**Task requirements:**
Only the lines with "Black" in the entries below belong in the answer; please copy them.

Collected data entries
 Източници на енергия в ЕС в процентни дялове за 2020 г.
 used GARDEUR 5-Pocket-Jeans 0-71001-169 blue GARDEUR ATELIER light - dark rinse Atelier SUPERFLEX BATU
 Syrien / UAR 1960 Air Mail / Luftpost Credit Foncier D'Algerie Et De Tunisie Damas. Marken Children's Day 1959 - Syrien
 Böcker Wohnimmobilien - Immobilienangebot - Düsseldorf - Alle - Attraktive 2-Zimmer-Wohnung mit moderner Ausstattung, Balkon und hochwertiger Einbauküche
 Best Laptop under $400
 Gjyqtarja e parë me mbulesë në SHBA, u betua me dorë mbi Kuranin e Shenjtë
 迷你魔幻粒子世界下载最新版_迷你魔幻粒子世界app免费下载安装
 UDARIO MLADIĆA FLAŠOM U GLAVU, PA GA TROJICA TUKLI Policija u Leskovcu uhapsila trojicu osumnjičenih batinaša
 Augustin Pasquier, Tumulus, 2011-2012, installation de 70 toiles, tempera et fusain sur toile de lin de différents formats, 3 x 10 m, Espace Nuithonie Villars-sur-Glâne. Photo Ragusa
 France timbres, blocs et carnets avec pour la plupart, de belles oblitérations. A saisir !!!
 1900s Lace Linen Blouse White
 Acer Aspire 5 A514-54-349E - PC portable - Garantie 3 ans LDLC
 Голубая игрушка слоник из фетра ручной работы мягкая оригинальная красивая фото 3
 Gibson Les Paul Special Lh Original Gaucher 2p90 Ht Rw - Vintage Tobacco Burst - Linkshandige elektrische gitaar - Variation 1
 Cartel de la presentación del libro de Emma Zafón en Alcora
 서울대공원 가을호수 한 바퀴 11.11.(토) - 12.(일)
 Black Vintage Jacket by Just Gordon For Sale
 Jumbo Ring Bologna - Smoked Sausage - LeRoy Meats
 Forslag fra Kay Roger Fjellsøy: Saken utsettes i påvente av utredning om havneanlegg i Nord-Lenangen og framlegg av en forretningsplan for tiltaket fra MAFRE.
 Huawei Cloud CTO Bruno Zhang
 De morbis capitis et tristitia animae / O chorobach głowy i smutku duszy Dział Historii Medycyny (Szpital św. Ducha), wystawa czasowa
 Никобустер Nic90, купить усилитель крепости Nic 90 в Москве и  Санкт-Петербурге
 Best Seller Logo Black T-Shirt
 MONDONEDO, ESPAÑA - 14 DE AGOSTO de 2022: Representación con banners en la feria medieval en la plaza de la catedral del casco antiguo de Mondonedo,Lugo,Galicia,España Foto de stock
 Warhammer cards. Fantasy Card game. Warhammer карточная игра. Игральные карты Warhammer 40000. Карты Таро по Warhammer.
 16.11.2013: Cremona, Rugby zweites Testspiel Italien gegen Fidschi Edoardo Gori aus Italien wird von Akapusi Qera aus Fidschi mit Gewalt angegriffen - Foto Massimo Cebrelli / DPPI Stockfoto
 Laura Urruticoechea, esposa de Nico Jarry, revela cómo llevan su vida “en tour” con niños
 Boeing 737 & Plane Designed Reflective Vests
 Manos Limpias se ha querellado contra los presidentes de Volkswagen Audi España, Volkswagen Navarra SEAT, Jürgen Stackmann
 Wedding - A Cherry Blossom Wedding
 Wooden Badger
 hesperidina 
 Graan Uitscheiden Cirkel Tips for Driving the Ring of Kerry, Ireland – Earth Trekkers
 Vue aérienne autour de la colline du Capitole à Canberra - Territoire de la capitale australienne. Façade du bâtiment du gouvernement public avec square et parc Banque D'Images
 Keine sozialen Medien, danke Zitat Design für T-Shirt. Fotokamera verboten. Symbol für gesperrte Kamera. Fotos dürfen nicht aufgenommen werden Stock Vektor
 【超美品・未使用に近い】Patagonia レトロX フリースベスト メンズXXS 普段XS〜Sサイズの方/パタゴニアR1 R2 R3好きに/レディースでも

**Result of the task:**
 Black Vintage Jacket by Just Gordon For Sale
 Best Seller Logo Black T-Shirt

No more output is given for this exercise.